Copeland set herself the goal of becoming an ABA champion – a feat she achieved twice and with it, she became with her dad, the first ever father-daughter duo to hold ABA titles. But the Mancunian-born boxer wanted to go even further, and after attending a talent camp at GB boxing in 2013, she successfully lost six kilograms in order to qualify for the European Championships, where she came away with a silver medal that same year.
Stacey’s story really is remarkable. There are few sportsmen and women who have represented their country in two different sports and even fewer who enter one of them at an elite level on the eve of turning 30. I thought of the ‘give-it-a-go’ students, most of whom I imagine were a decade younger. It would probably take a good load of guts – and a whole lot of confidence – to casually stroll into a boxing gym tomorrow, without any parent holding your hand, and try to mix in, become accepted, be seen as an equal and respected, as a girl.

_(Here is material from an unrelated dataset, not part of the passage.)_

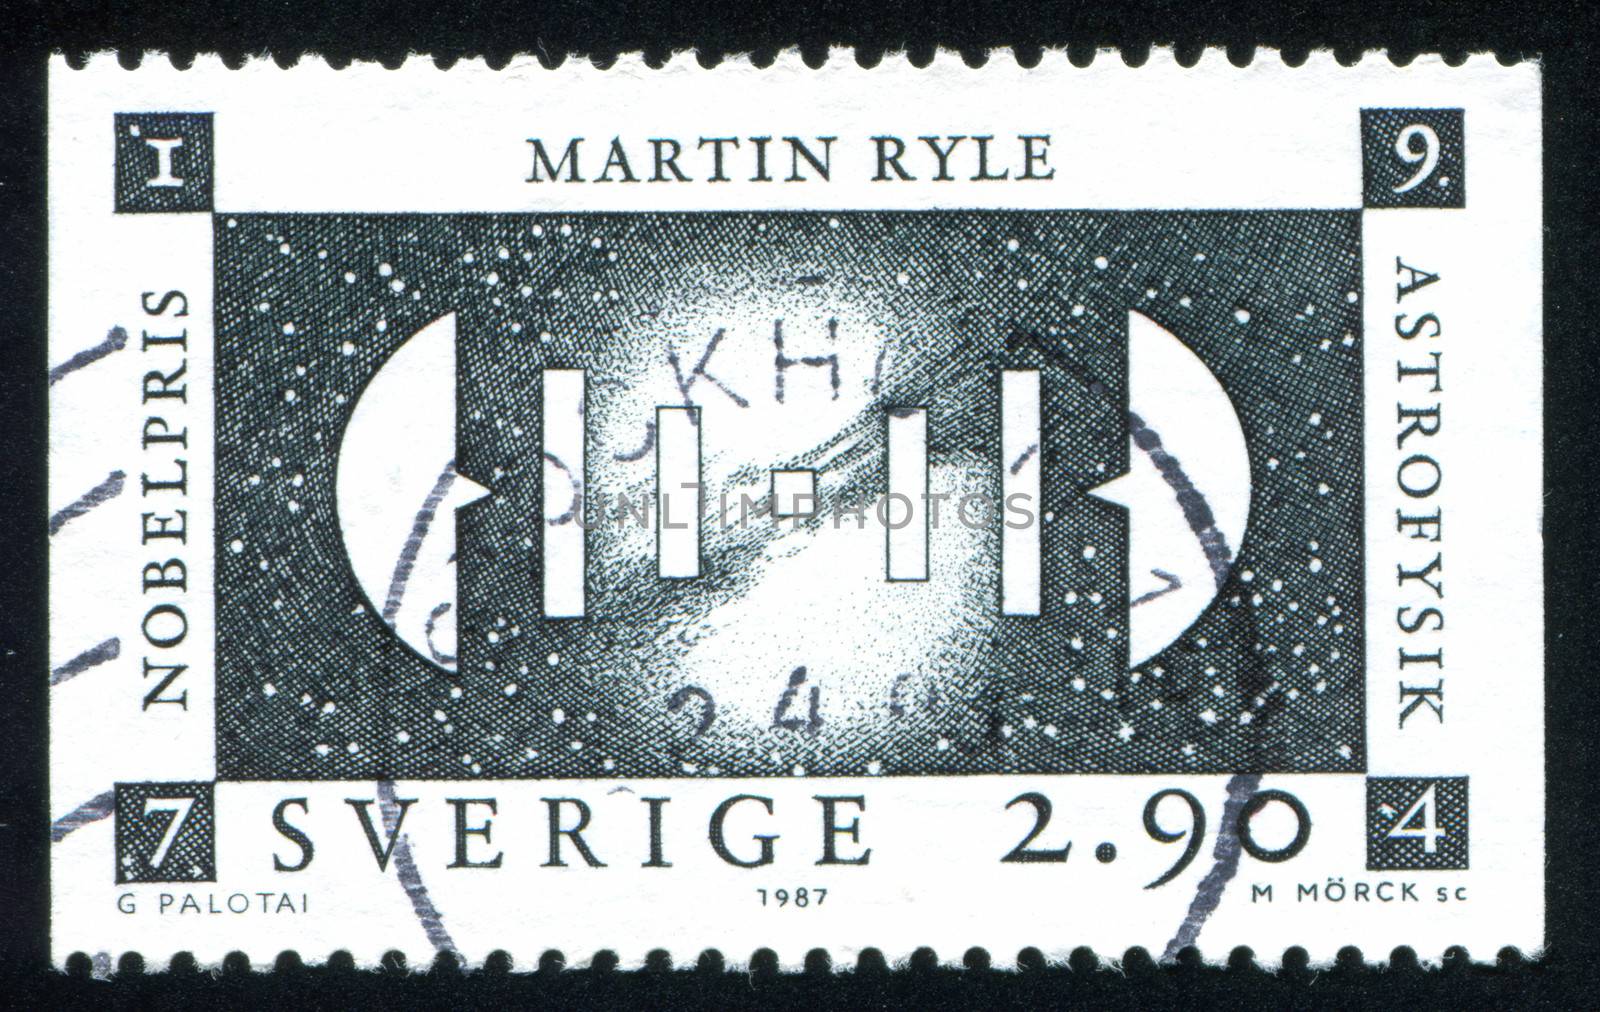 Martin Ryle by rook
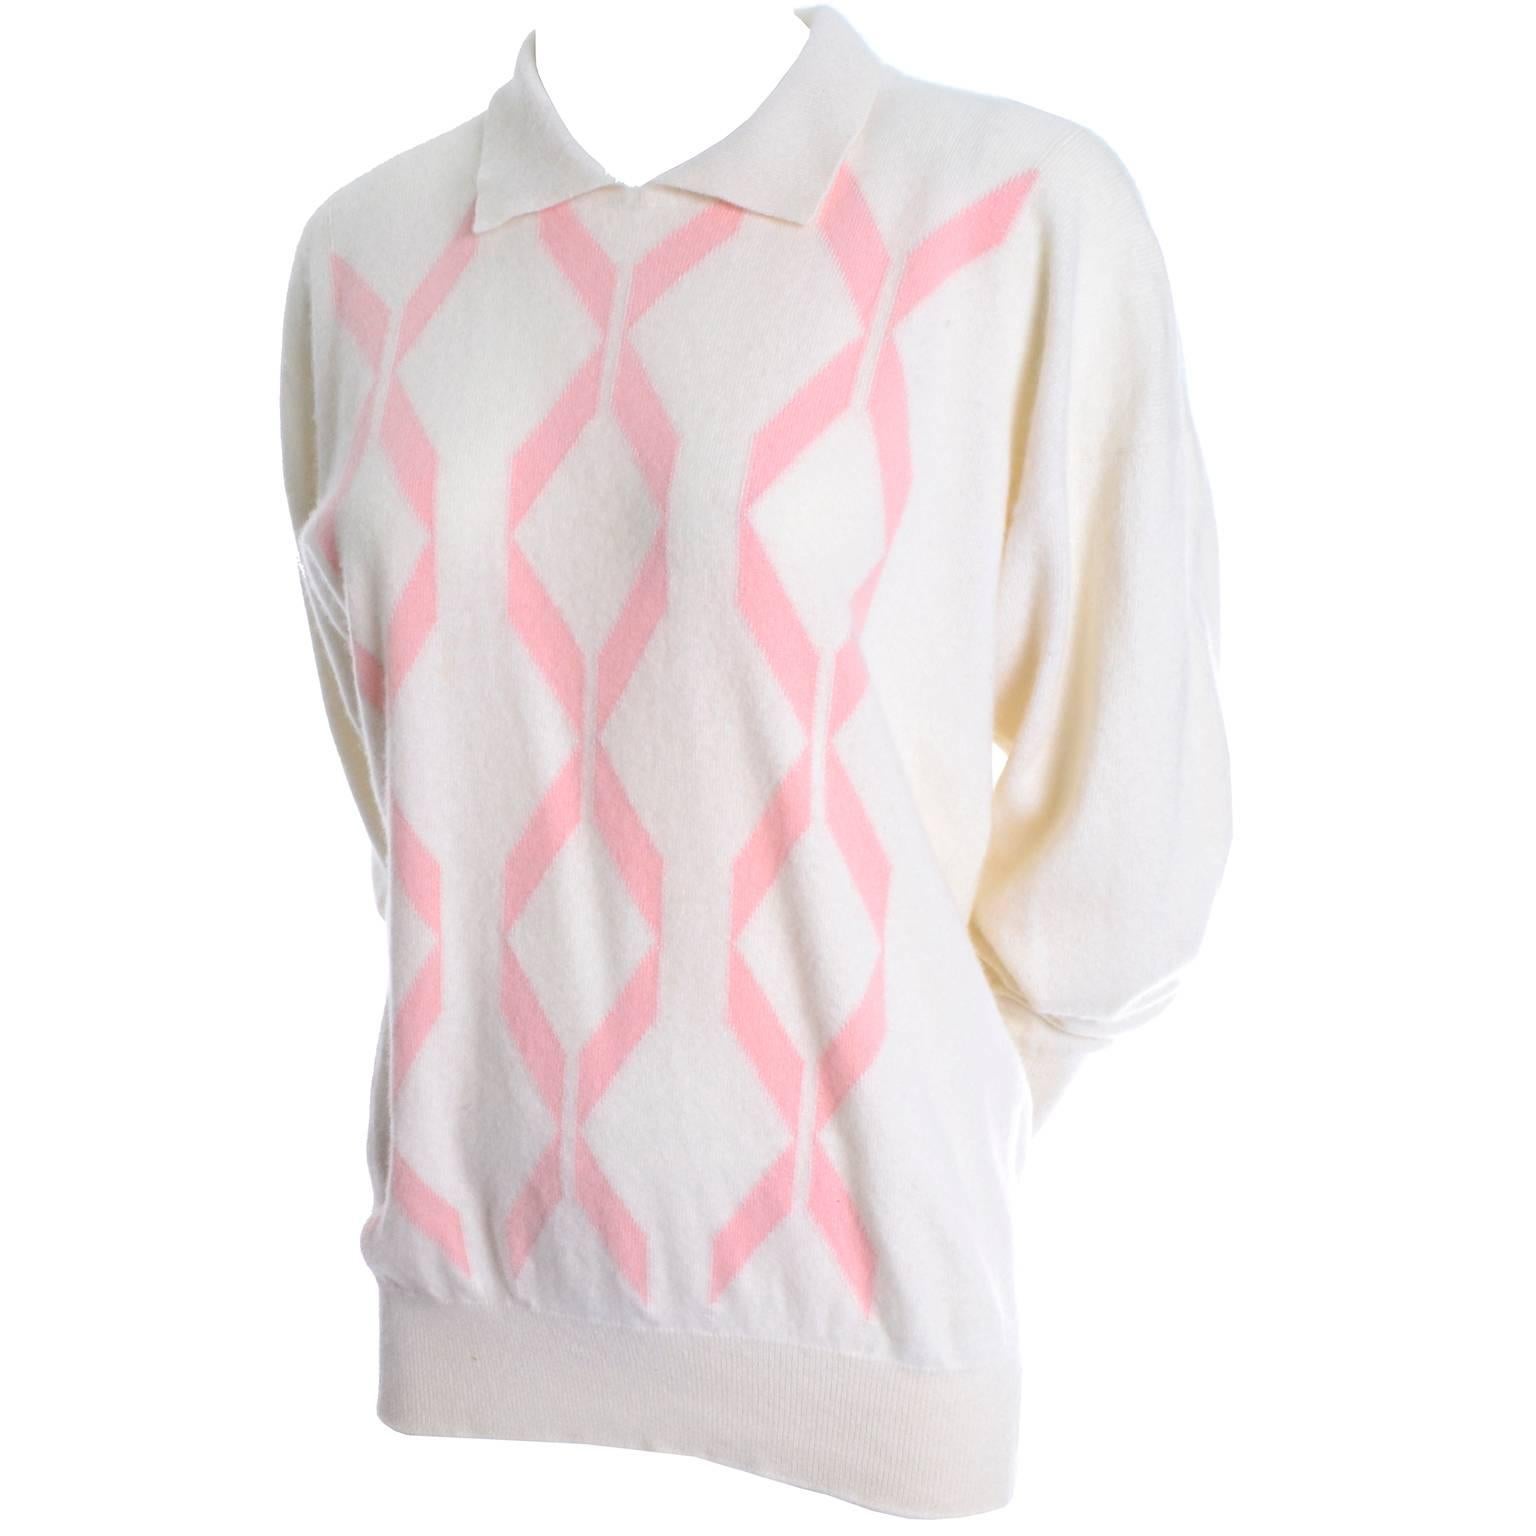 This beautiful vintage cashmere sweater was made in Scotland by Pringle and it is in excellent condition.  The winter white cashmere has a pink ribbon design and the cashmere is so luxurious and soft. This sweater has a collar and long sleeves, and

Women’s-only boxing gyms don’t exist, but more and more gyms are offering women’s-only boxing sessions, and so the sport is becoming more accessible but Stacey says it’d down to the person. “If you know in your heart you’re doing it for the right reasons, then you won’t care. Rather than waiting for others to accept you, you’ve got to accept yourself,” she says.
It’s all very well for women to accept themselves, but in a technological age where sport can be watched, read about, or listened to, the media still struggles to accept women in more ‘marginalised’, traditionally male sports such as boxing. London 2012 was a fine example of this. Women’s boxing was splashed across the media as a debuting sport in the Olympics, although it had previously appeared at the Games in 1904.
“We had such a successful London 2012 – we couldn’t have done any better, and here we are, on the brink of the next Olympics, and women’s boxing still only has three weight categories. It’s extremely frustrating,” says Stacey, who could never have qualified for Rio 2016 due to the limited amount of weight categories for women available.
Stacey is nonetheless continuing her own fight to keep female boxing in the public eye. She advocates the sport as a great way of keeping fit and admits that you don’t have to take it seriously to get the most out of it. Aside from working full-time in a secondary school and as an ambassador for Sporting Champions, she promotes women in sport through workshops and individually-run events, and is hoping to launch a regular women’s sport feature for Manchester TV, because “When you feel that passionately and strongly about it, you want to share it with everyone.”
I forgot to ask Stacey how many times, if any, she has been knocked out in a fight. Whatever the number, it’s obviously not enough to stop this inspirational and diligent athlete doing what she loves.